Estimate the log to four decimal places.

???\log_54???

We can use the change of base formula.

???\log_ab=\frac{\log_cb}{\log_ca}???

???\log_54=\frac{\log_{10}4}{\log_{10}5}???

Now we can use a calculator to evaluate the answer.

???\log_54\approx\frac{0.6021}{0.6990}???

???\log_54 \approx 0.8614???


Realize that we can also work backwards, backing our way into the change of base formula.


Example

Simplify the expression into a single real number without using a calculator.

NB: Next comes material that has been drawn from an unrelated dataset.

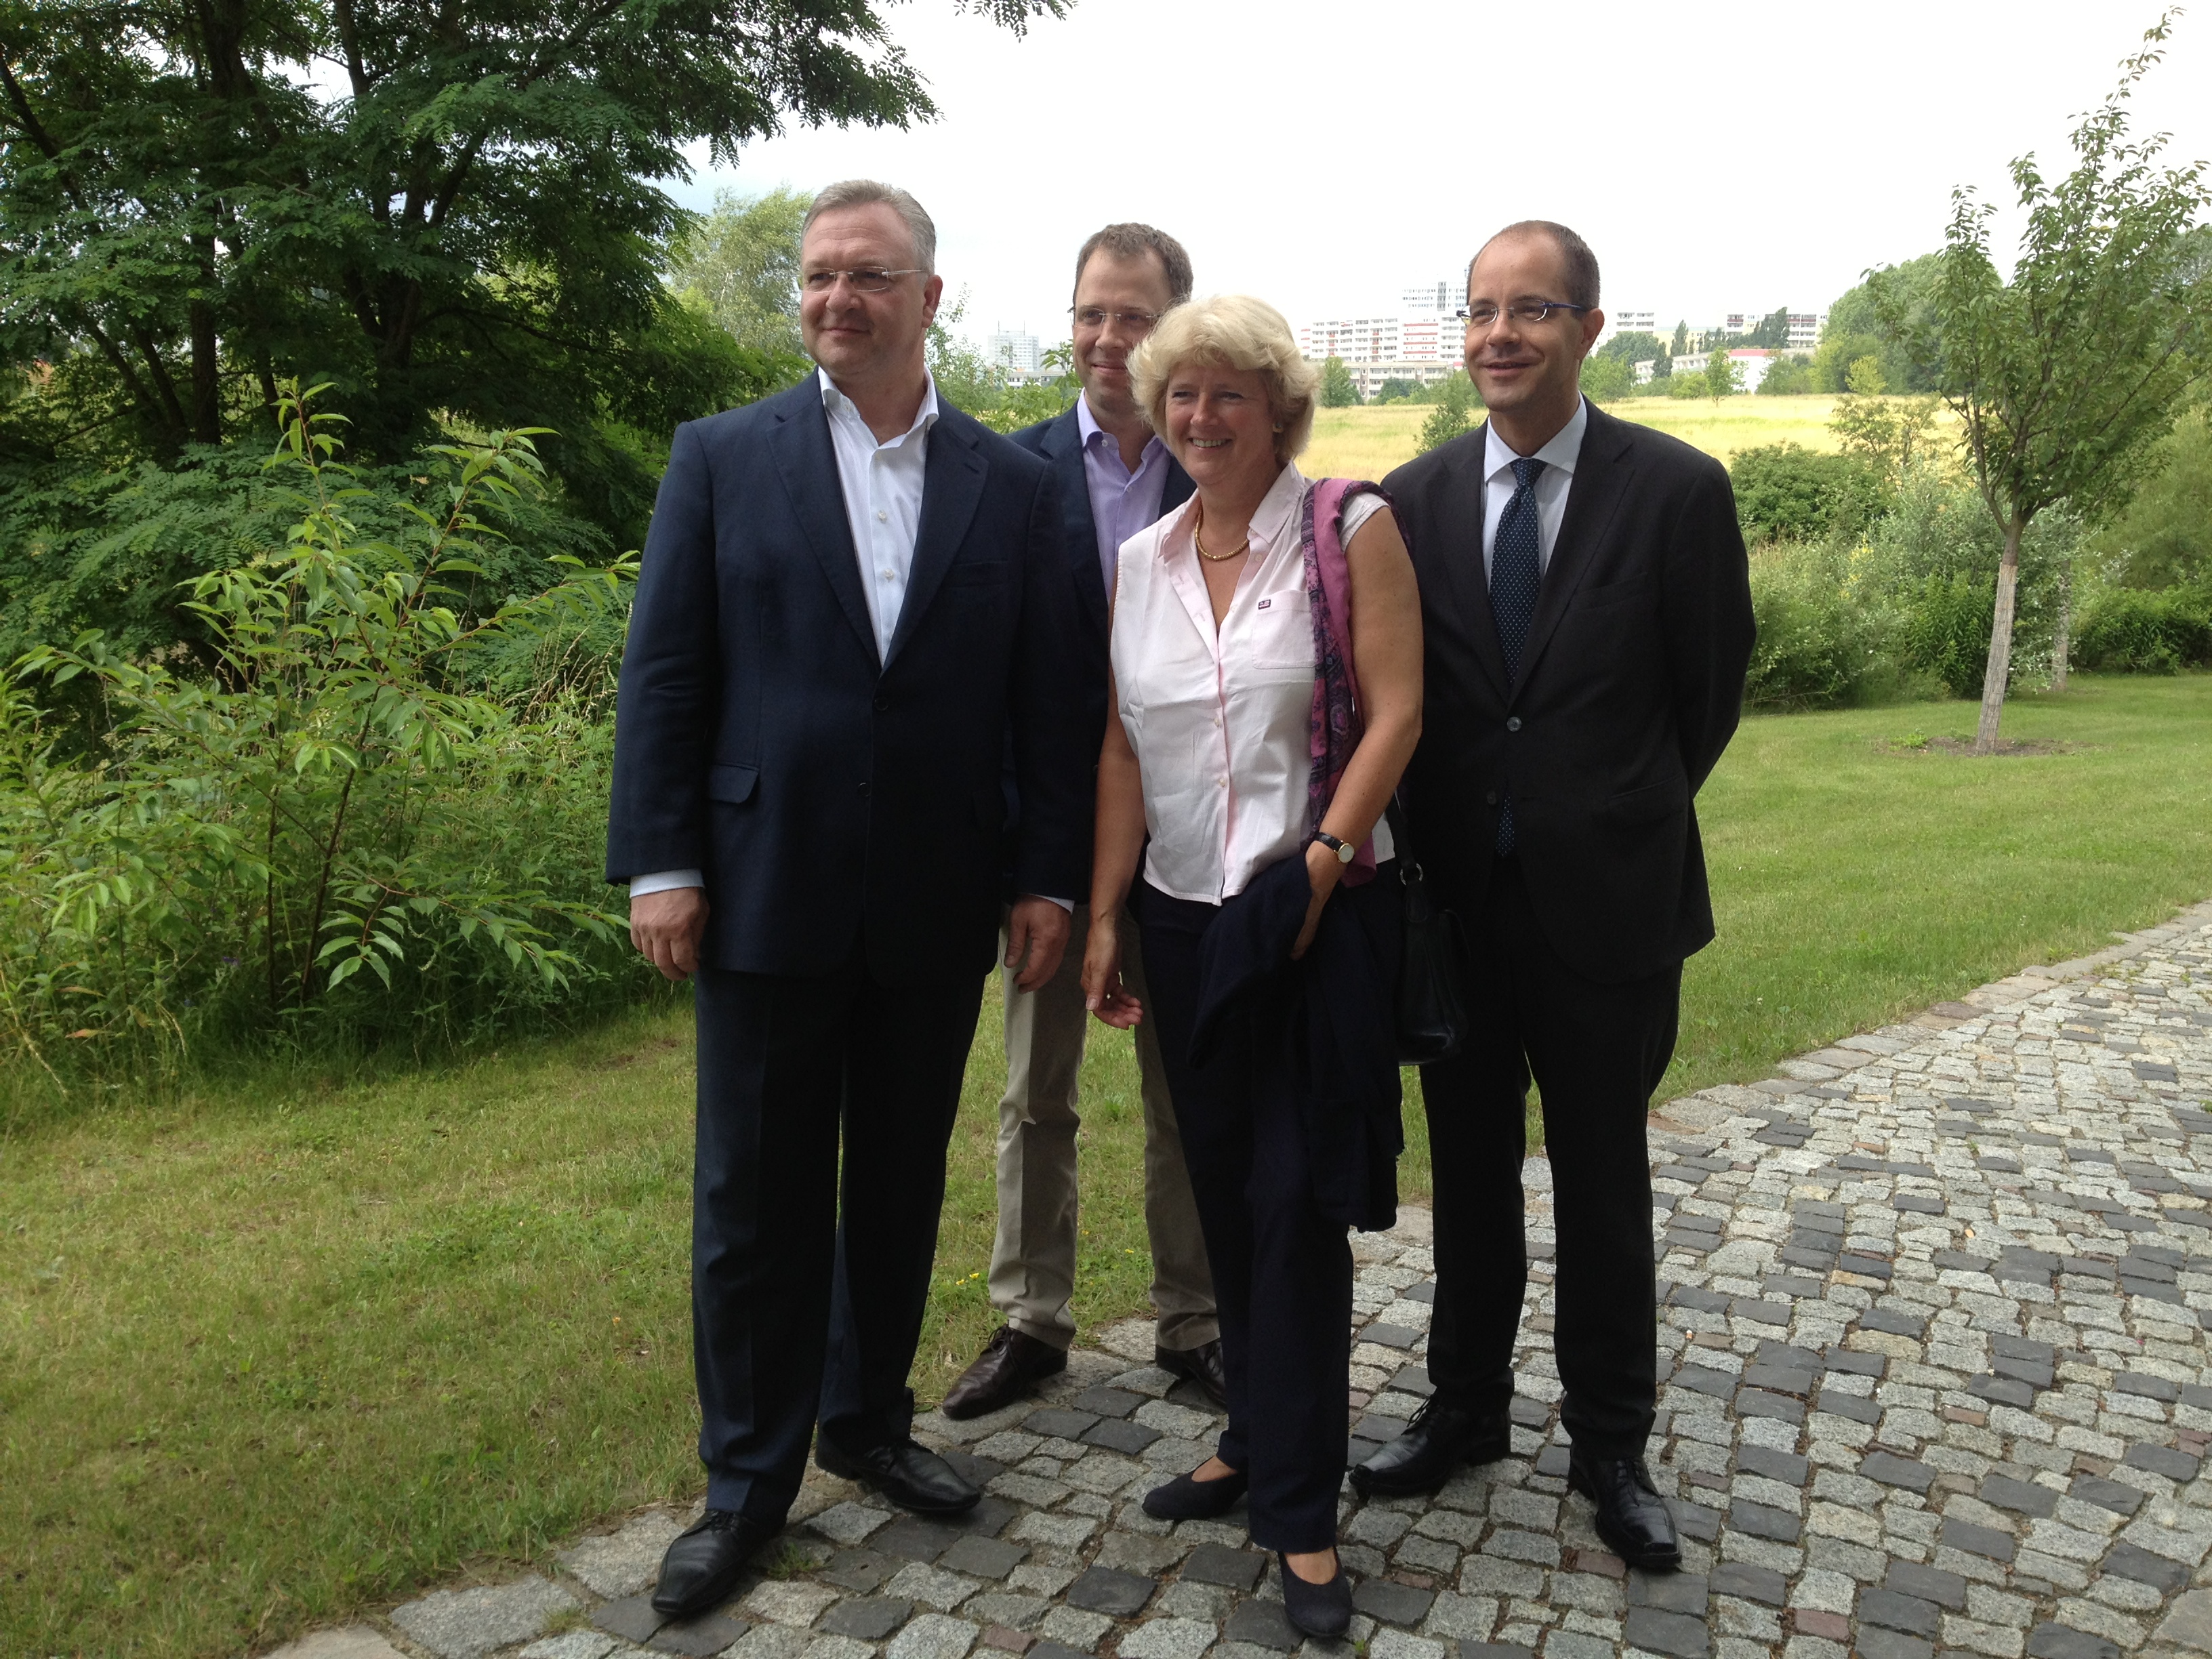 Frank Henkel, Mario Czaja, Monika Grütters und Christian Gräff im Erholungspark Marzahn

???\frac{\log{625}}{\log{25}}???

If we use the change of base formula, we can rewrite this expression in the form ???\log_ab???.

???\log_{25}{625}???

Then, using the general form for logarithms, we can say that the value of this log is given by ???x???, and therefore

???25^x=625???

Now we want to rewrite both sides of the equation in terms of the same base.

???(5^2)^x=5^4???

???5^{2x}=5^4???

Since the bases are equivalent, that means the exponents must also be equivalent in order for the equation to be true.

???2x=4???

???x=2???

Therefore, the value of the original expression is ???2???, or

???\frac{\log{625}}{\log{25}}=2???


We can also solve other kinds of exponential equations using logs and the change of base formula.


Example

Use logs to solve the equation.

???10\cdot5^{2x}=300???

In problems like this, we have an equation, and we need to solve for the variable, ???x???, which means we’re trying to get ???x??? by itself on one side of the equation. In this particular example, we can start by dividing through by ???10???.

???10\cdot5^{2x}=300???

???5^{2x}=30???

Now we can use the general rule for logs to change this into a logarithmic equation.

???\log_5{30}=2x???

We’ll apply the change of base formula,

???2x=\frac{\log{30}}{\log{5}}???

And then we can solve for the variable.

???x=\frac{\log{30}}{2\log{5}}???

This is the exact value of the variable, but we can also use a calculator to find the decimal value.

???x\approx1.0566???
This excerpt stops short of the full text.